I also tried renaming x to t and it does exactly what the first graph did, so I don't understand why x is so significant if its just the name of the Value.
t <- dataset$Level
ggplot(data = dataset, aes(x = Level, y = Salary)) +
geom_point(color = "red") +
stat_smooth(method = "lm", se = FALSE, formula = dataset$Salary ~
poly(t, 3)) +
ggtitle("Truth or Bluff (Linear Regression)") +
xlab("Level ") +
ylab("Salary") +
theme(plot.title = element_text(hjust = 0.5))
the formula
to stat_smooth
uses mapped aesthetics, i.e. x
and y
(as you have mapped x=Level, y=Salary
). If you had mapped colour=SomeVariable
you'd have to use colour
rather than SomeVariable
also.
so
stat_smooth(..., formula=y ~ poly(x, 3))
The reason you are getting the warning
In addition: Warning message:
'newdata' had 80 rows but variables found have 10 rows
is that your data dataset
has 10 rows. However stat_smooth
is getting the fitted Y values of the model over 80 X points in order to get a smooth looking line, so these lengths don't match up.

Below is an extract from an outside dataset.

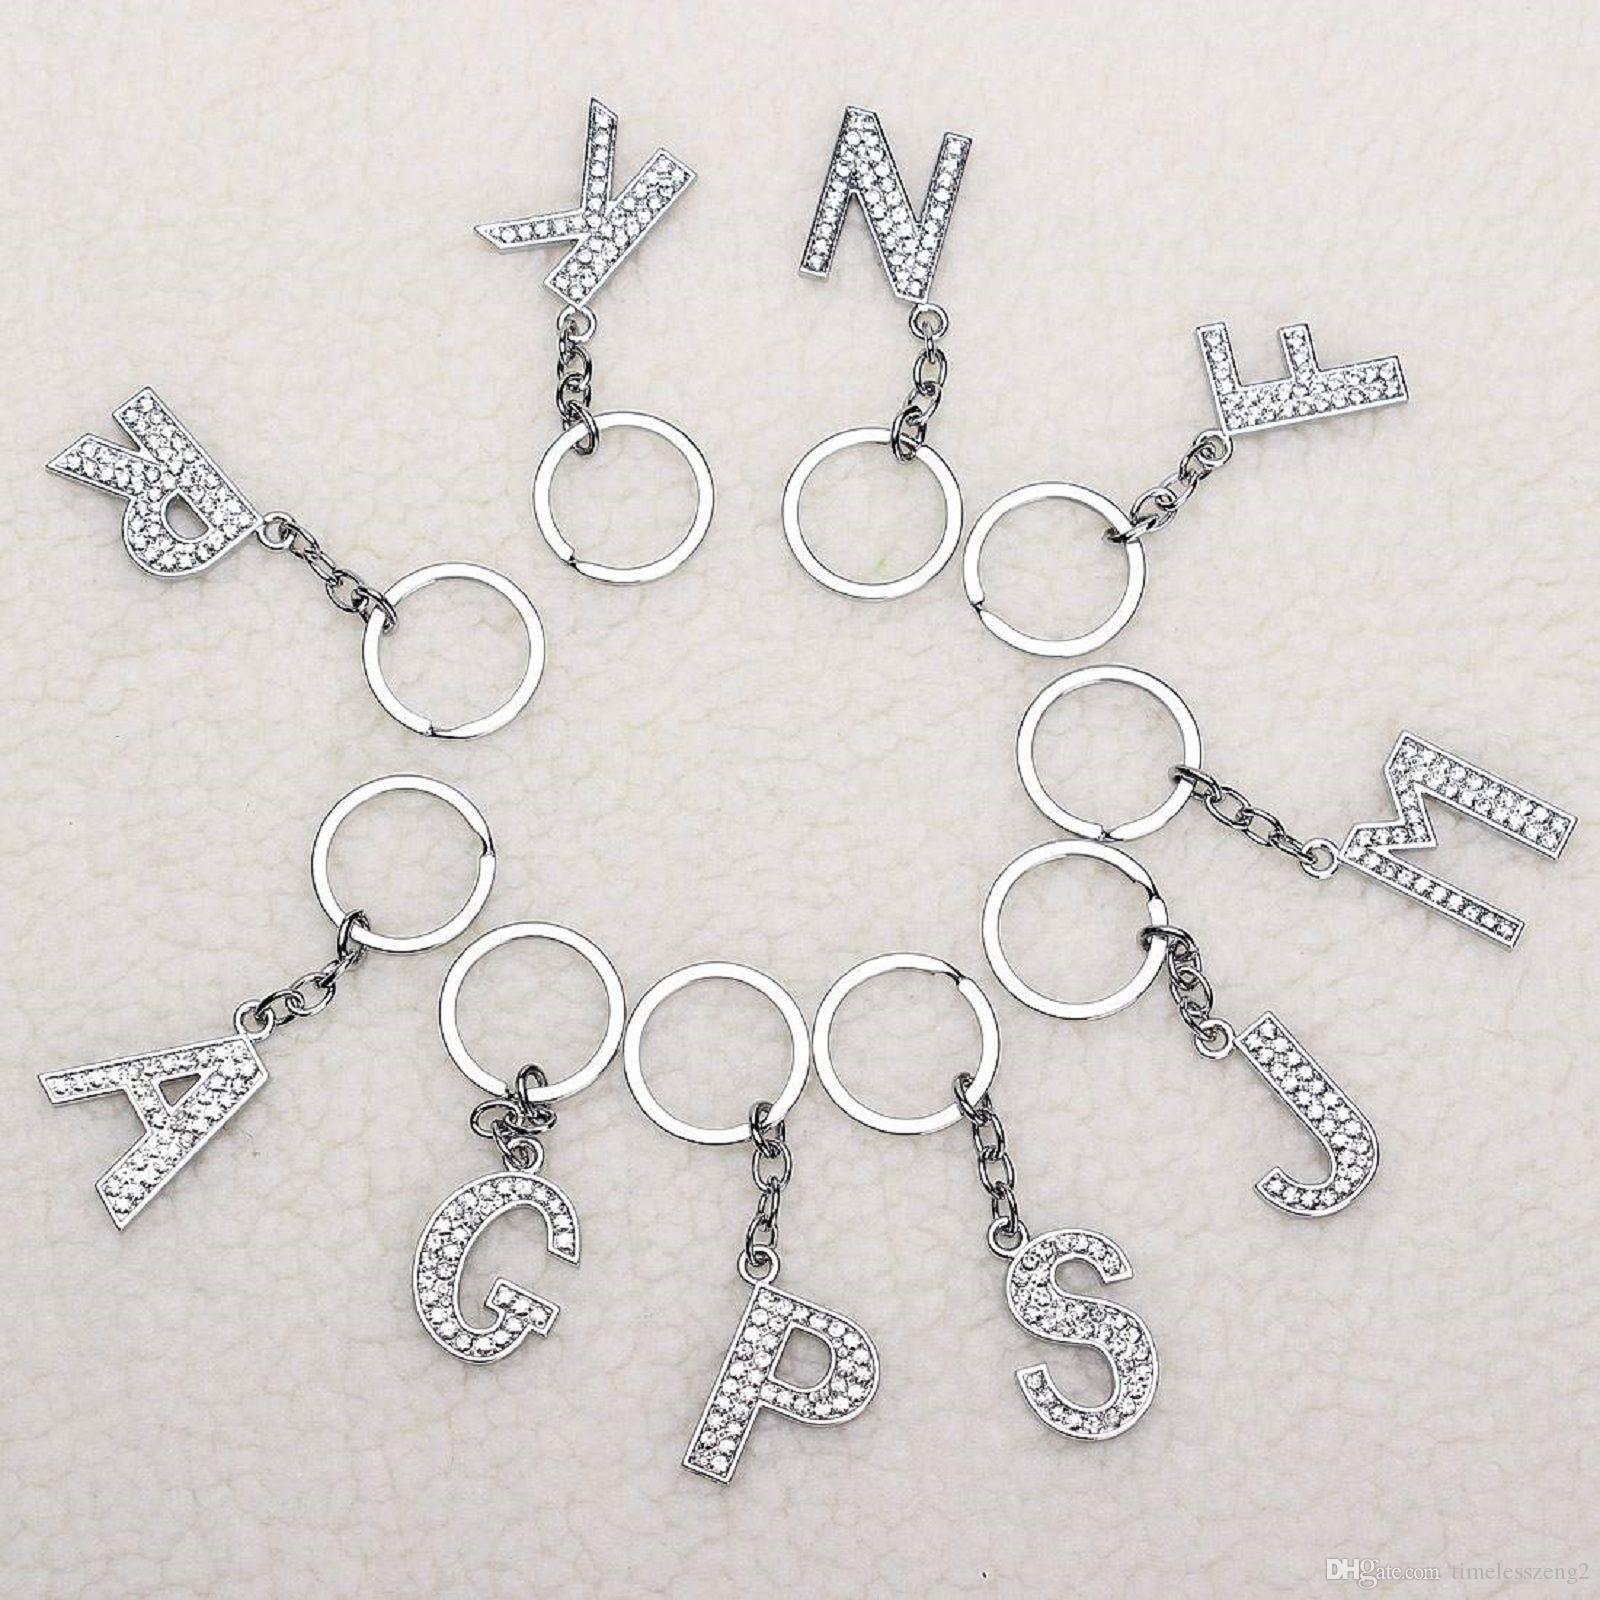 패션 새로운 크리스탈 라인 석 알파벳 키 링 금속 초기 문자 열쇠 고리 유니섹스 키 체인 26 글자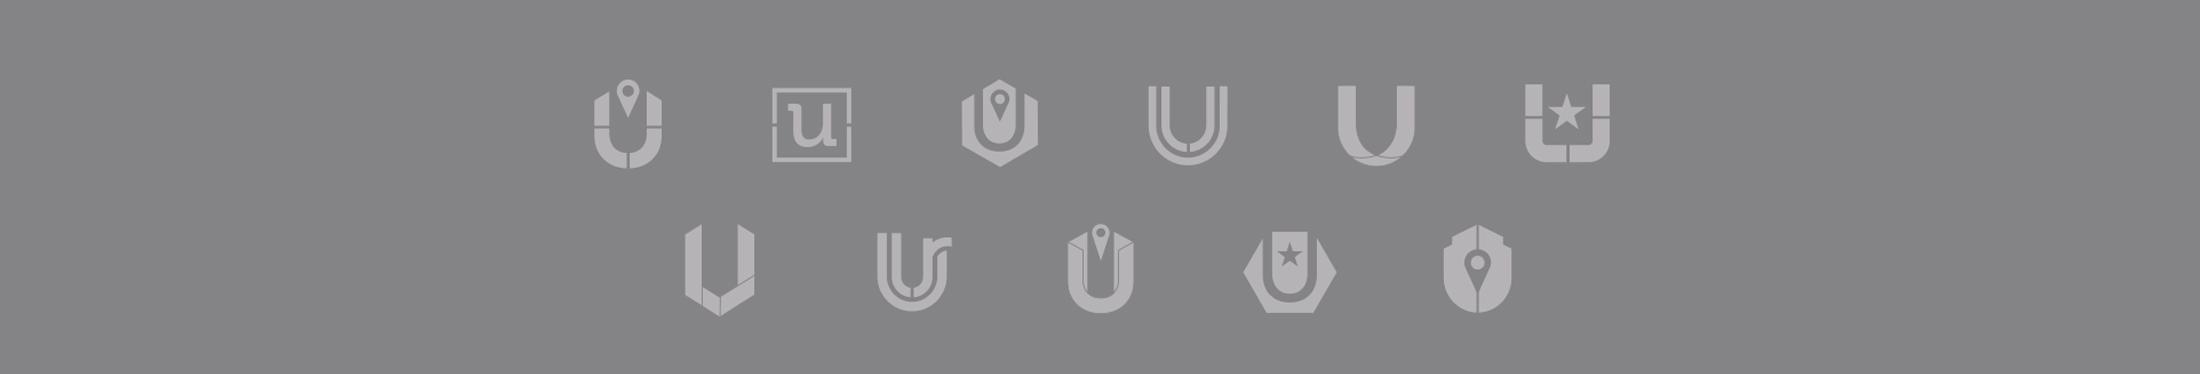 ULR_logoband

The reason you don't get the error when you use poly(x, 3)
in the formula is because this x
resolves to the x
of ggplot's constructed dataframe, rather than the global x
you defined.
Similarly the reason you do get the error with poly(t, 3)
is because t
is not in ggplot's constructed dataframe so the next t
on the search path is the global t
.